This is a central part of human nature for Smith and is something that should be kept in mind when dealing with his economic thoughts and theories. Man is not an isolated individual that has no feeling or connection for the people around him. Smith’s economic actor, as a human being, is sympathetic by nature. The spontaneous order of a capitalistic society that is supposed to keep there from being extreme poverty and inequality comes about because people act in ways that take others into account by their very nature as human beings. The order that Smith saw was not the result of deliberate planning, but it was not by pure accident either. The order is a result of what the system is made up of. It is similar to how chemists can expect certain things to happen because they know the characteristics of the elements that make up the materials they are dealing with.

He may have been wrong about human nature being inherently sympathetic and concerned with family, community, etc. And, so far as that is not human nature, the invisible hand will not function as predicted and there will be no agreeable order that emerges from the uncoordinated individual actions of the many (unless God does so in his administration of the universe). In other words, if people are not sympathetic, the order that spontaneously arises from individual actions will not be one that is acceptable, desirable or logical.

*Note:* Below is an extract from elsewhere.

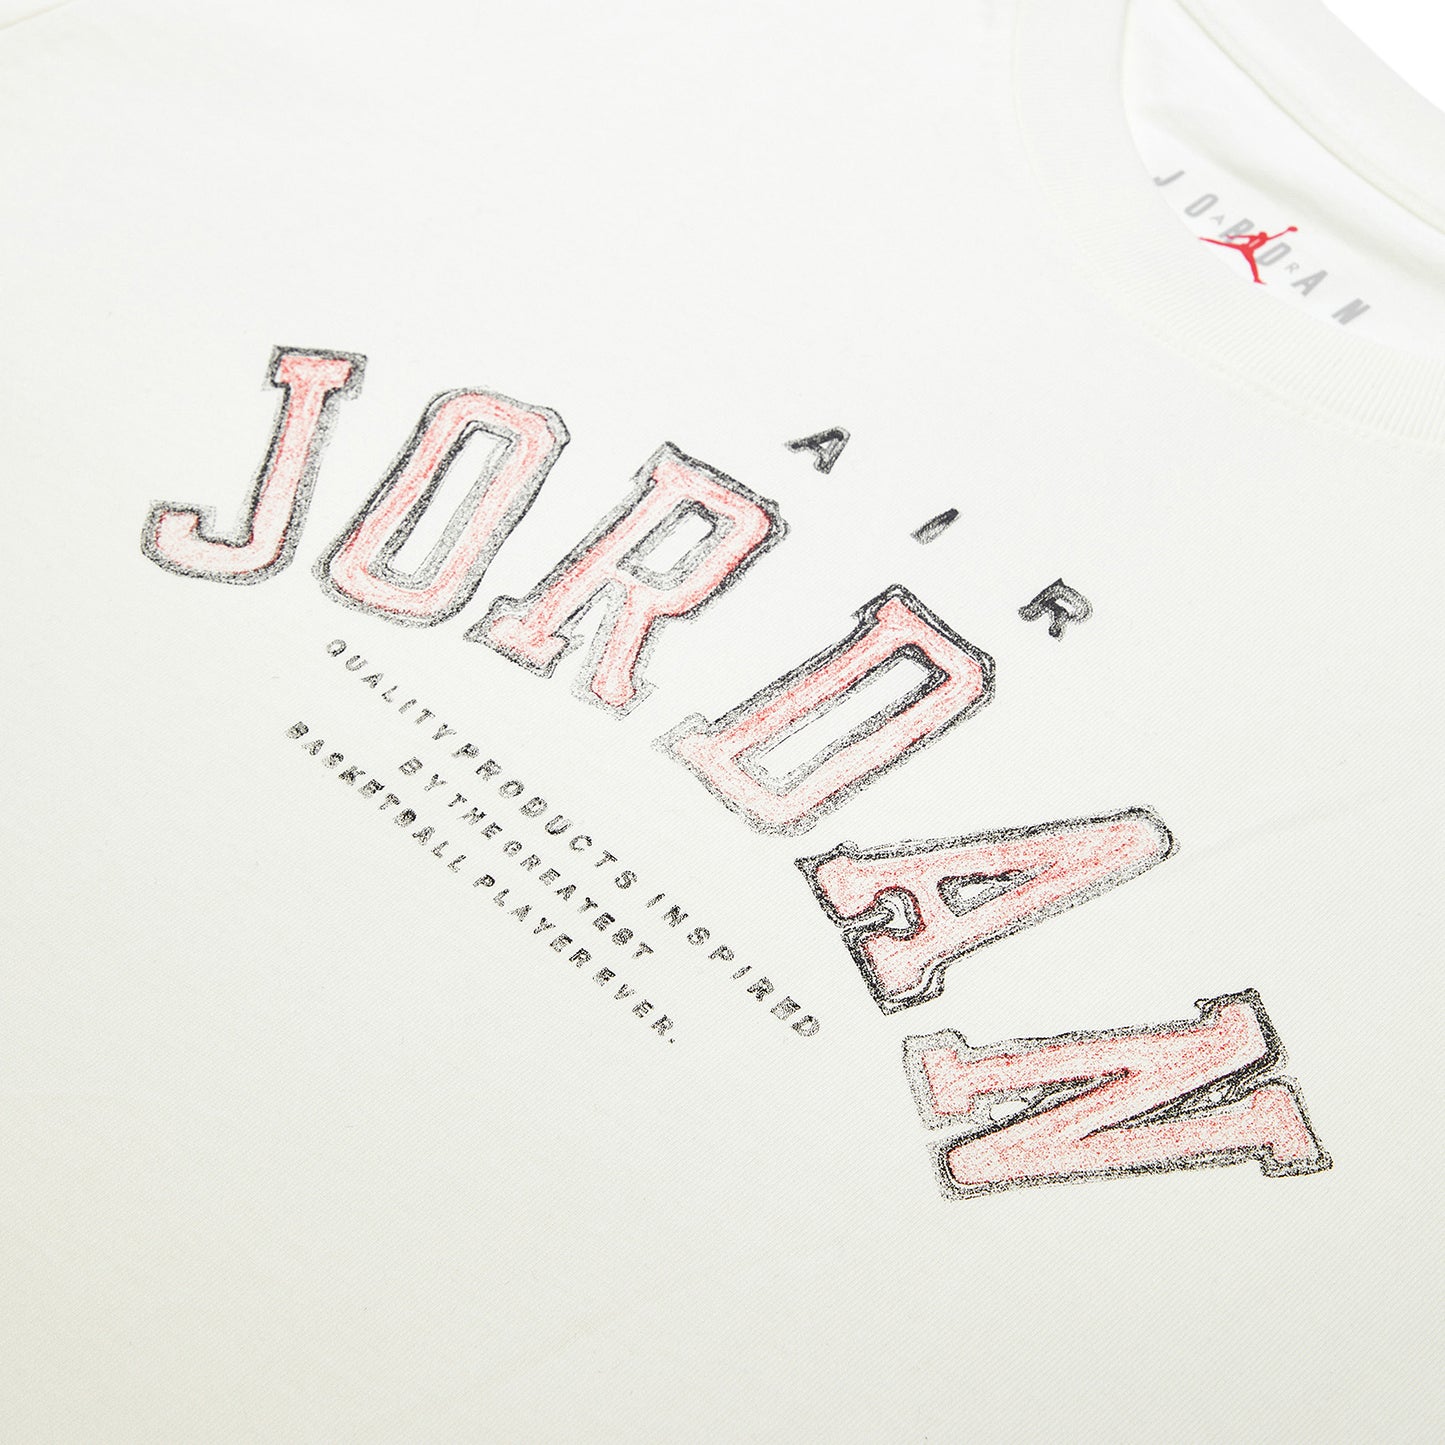 Jordan Flight Essentials T-shirt (Sail/Lobster)

I am skeptical of any set idea of human nature. I think for Smith to assume that “this sentiment [of sympathy], like all the other original passions of human nature, is by no means confined to the virtuous and humane, though they perhaps may feel it with the most exquisite sensibility. The greatest ruffian, the most hardened violator of the laws of society, is not altogether without it,” is not realistic. This is not because I think humans are inherently bad, selfish or individualistic. I think humans have a capability to feel sympathy and to be affected by those around them and have feelings for those around them, but that is just a capability. That capability needs to be cultivated into a tendency to actually do so.

In so far as people do not grow up in an environment that nurtures that capability, they will not have that sentiment in reality. I think this is why capitalism’s invisible hand, and the spontaneous order that arises from a capitalistic system, work differently (or not work at all) depending on the culture, society or era they function in. I think this is also why Marxist communism, or any sort of communism or strong socialism, can easily fail. If the people are not of the right temperament and moral convictions, the theory will not work out in practice not matter what or how good the theory is. And the temperament of the people is a result not of nature but of culture and upbringing more than anything else.

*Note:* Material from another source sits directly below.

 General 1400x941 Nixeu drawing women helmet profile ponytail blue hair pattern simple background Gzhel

Smith assumes that people will have sympathy and that they have a duty to work on “the care of his own happiness, of that of his family, his friends, his country.” If they do, his system will likely work quite well. Marx assumes many things as well, one of them being that people will not be ruled by laziness and, like Smith, narrow selfishness. The system needs a certain type of people to make it work.

Something that is related to the spontaneous order and invisible hand of Smith is his ideas of government intervention or participation in the economy. This is an area where there is a lot of misunderstanding and misrepresentation of Smith’s own writings and thoughts. He did not say that government participation in the economy was bad or should be completely ruled-out, just that it should be as minimal as necessary. I think that should obviously be read as meaning as minimal as necessary to make things work: most notably the invisible hand and an acceptable social and economic order. If they don't work because people are not living up to his standard of what a human is (by nature), then something should be done. When what comes about spontaneously is not see as an acceptable, desirable or logical order, then order may need to be planned and implemented. I am not sure that means that the government has to step in, but that is an option. If people do not have the sympathy and concern for family, community and nation that Smith saw as more or less natural, his system will not function as he predicted. What can the government do and what can others do?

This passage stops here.